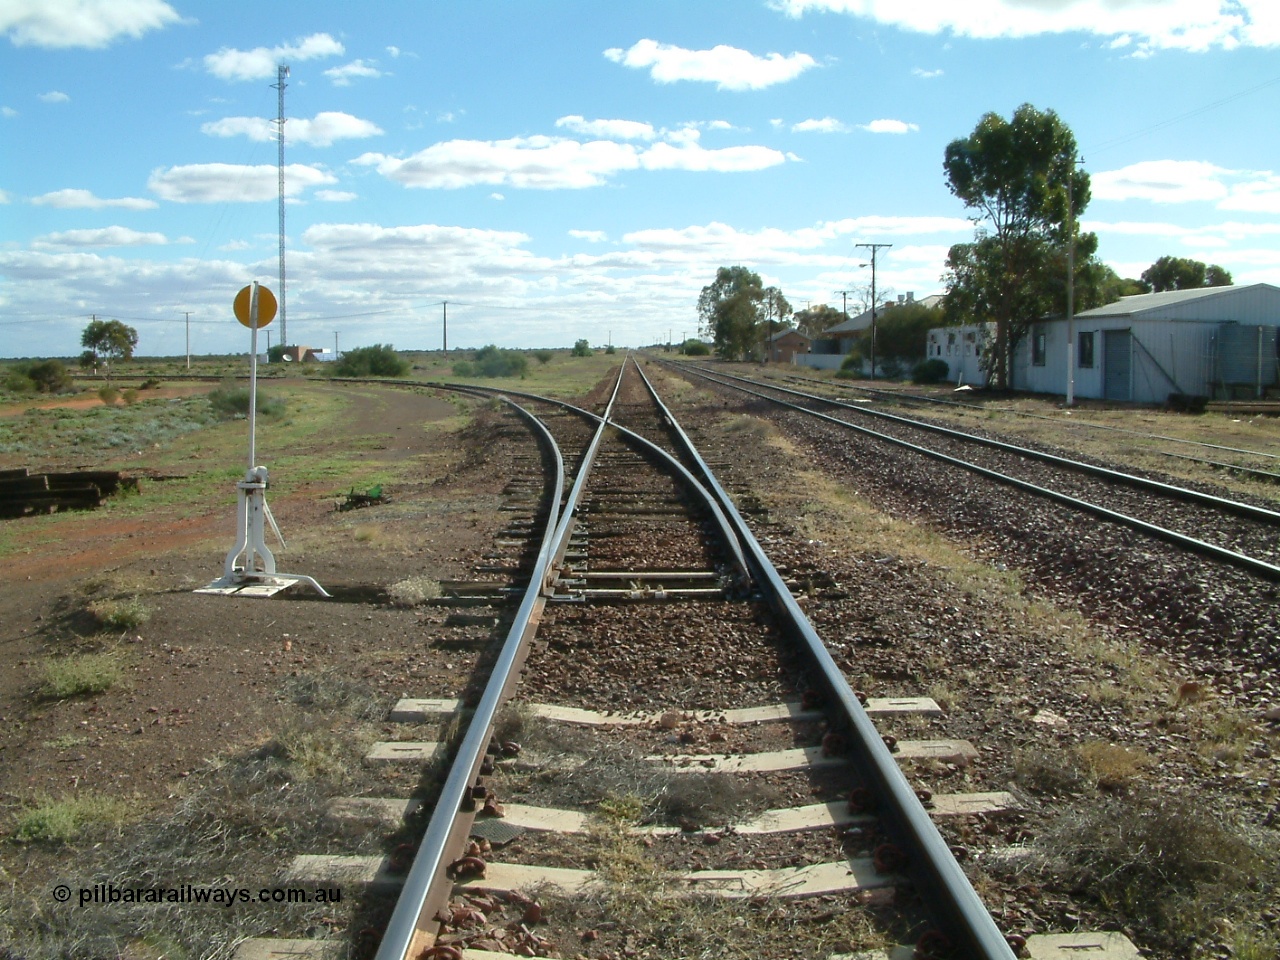 030415 154528
Tarcoola, at the 504.5 km, looking west along loop line, the eastern leg of the triangle running to the left, middle road is the Trans Australian Railway line while the right is the Central Australian Railway line. Tarcoola is the junction for the TAR and CAR railways situated 504 km from the 0 km datum at Coonamia. [url=https://goo.gl/maps/NmBNmrosE7e6d5gx8]GeoData location[/url]. 15th April 2003.
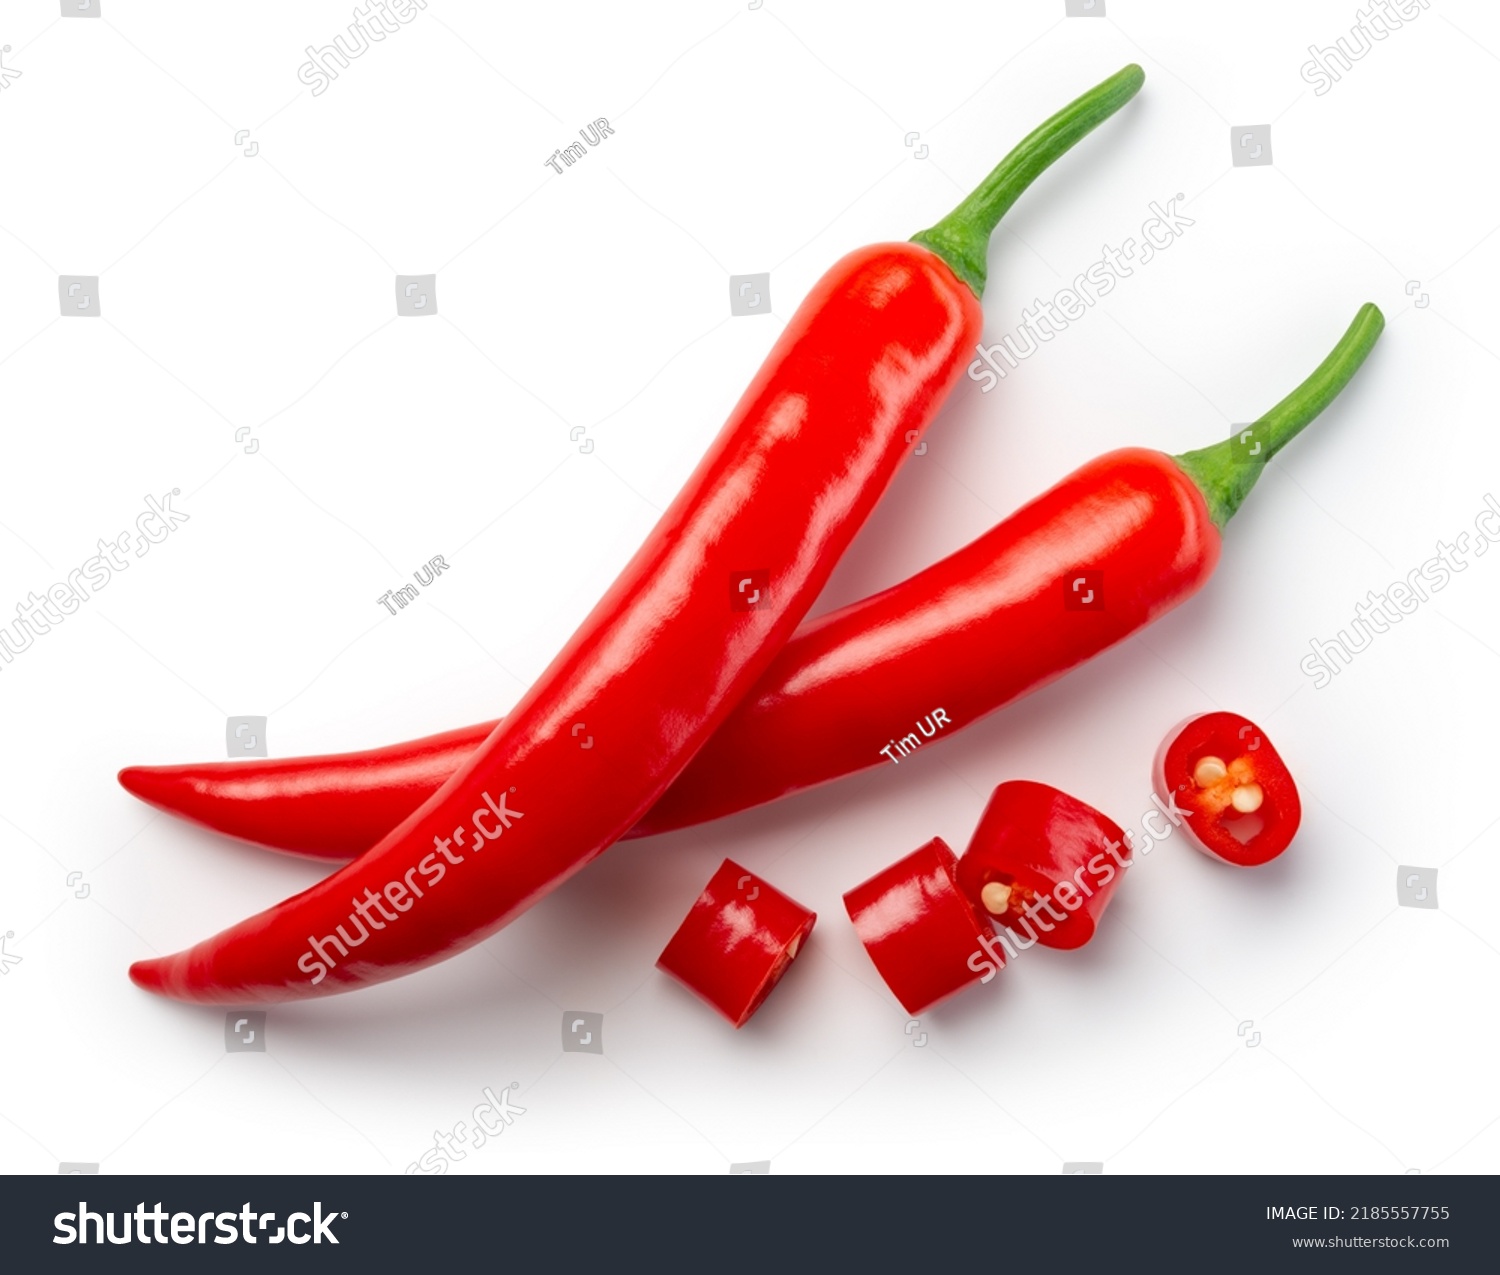 Chili pepper isolated. Chilli top view on white background. Whole and cut red hot chili peppers top. With clipping path. #2185557755

_ _ _ _

> _What you will do_: Please write out the whole listing exactly, but not the pictures in it.

> _Reply_:
 030415 154528
Tarcoola, at the 504.5 km, looking west along loop line, the eastern leg of the triangle running to the left, middle road is the Trans Australian Railway line while the right is the Central Australian Railway line. Tarcoola is the junction for the TAR and CAR railways situated 504 km from the 0 km datum at Coonamia. [url=https://goo.gl/maps/NmBNmrosE7e6d5gx8]GeoData location[/url]. 15th April 2003.
 Chili pepper isolated. Chilli top view on white background. Whole and cut red hot chili peppers top. With clipping path. #2185557755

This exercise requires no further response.